REQUIRED WORK: Among the records that follow, find the line with "Salon Chair - 445-550 mm - Matte white" and the line with "Nike Yoga Pants Women". Set down those lines and all lines between them exactly, without adding anything.

RECORD EXTRACTS:
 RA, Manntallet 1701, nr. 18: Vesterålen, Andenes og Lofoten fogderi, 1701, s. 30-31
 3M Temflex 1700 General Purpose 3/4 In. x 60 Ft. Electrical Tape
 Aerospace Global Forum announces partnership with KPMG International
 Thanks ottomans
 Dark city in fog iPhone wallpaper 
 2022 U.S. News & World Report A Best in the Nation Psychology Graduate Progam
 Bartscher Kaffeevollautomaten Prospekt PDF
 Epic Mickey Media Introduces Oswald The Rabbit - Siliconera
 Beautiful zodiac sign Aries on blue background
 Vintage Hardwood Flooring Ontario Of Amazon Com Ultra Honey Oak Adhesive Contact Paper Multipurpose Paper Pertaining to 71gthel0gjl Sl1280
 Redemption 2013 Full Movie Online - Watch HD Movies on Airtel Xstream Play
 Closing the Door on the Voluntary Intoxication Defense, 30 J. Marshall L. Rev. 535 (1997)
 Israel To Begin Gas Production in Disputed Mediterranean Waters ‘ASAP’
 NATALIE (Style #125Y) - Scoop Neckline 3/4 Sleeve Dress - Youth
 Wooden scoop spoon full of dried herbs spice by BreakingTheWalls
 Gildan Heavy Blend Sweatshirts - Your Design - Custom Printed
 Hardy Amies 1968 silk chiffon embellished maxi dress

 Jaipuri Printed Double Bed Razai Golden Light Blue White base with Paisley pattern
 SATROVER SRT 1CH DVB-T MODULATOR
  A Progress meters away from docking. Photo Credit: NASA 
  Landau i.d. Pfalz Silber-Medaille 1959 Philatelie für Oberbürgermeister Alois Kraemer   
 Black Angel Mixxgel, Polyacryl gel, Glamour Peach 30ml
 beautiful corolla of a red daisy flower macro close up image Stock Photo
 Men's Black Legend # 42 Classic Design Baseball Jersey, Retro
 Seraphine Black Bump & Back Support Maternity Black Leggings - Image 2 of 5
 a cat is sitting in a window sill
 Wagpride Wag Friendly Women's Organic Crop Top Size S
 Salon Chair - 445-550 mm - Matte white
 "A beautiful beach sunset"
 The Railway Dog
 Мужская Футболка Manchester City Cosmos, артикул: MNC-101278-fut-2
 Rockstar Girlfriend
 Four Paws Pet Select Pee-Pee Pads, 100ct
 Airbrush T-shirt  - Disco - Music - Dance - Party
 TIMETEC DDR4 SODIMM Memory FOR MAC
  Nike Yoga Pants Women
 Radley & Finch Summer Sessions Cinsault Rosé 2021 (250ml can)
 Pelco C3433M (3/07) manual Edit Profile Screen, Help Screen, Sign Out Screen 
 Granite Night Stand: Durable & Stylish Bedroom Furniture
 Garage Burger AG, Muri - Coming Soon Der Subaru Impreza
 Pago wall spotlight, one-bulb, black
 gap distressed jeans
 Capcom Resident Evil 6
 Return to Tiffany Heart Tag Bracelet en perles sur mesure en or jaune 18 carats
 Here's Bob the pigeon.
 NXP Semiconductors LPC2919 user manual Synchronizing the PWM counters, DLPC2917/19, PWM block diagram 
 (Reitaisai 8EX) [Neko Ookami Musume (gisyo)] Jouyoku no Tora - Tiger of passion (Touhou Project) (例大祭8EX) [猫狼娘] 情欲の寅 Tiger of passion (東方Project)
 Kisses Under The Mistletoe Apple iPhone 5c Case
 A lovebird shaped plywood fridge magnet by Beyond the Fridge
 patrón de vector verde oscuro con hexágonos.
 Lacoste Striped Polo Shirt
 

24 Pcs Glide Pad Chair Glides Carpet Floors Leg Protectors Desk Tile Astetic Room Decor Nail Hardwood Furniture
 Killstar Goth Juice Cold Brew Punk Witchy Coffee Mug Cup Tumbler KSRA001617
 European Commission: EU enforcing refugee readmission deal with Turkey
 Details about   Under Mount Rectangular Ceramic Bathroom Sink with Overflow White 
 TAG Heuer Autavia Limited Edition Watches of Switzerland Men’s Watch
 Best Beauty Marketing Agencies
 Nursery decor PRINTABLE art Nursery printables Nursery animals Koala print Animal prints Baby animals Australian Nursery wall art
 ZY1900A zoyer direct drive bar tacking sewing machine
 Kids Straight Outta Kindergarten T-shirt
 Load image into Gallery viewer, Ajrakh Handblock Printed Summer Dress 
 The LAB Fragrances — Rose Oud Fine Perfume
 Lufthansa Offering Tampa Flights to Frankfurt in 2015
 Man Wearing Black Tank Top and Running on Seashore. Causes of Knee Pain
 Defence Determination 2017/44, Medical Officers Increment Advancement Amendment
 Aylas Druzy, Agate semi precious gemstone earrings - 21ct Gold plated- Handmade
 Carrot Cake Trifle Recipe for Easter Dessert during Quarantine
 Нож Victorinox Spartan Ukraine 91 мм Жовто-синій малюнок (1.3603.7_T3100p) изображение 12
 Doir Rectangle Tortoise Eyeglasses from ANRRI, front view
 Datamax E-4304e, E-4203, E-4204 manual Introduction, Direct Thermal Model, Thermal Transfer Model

EXERCISE ANSWER:
 Salon Chair - 445-550 mm - Matte white
 "A beautiful beach sunset"
 The Railway Dog
 Мужская Футболка Manchester City Cosmos, артикул: MNC-101278-fut-2
 Rockstar Girlfriend
 Four Paws Pet Select Pee-Pee Pads, 100ct
 Airbrush T-shirt  - Disco - Music - Dance - Party
 TIMETEC DDR4 SODIMM Memory FOR MAC
  Nike Yoga Pants Women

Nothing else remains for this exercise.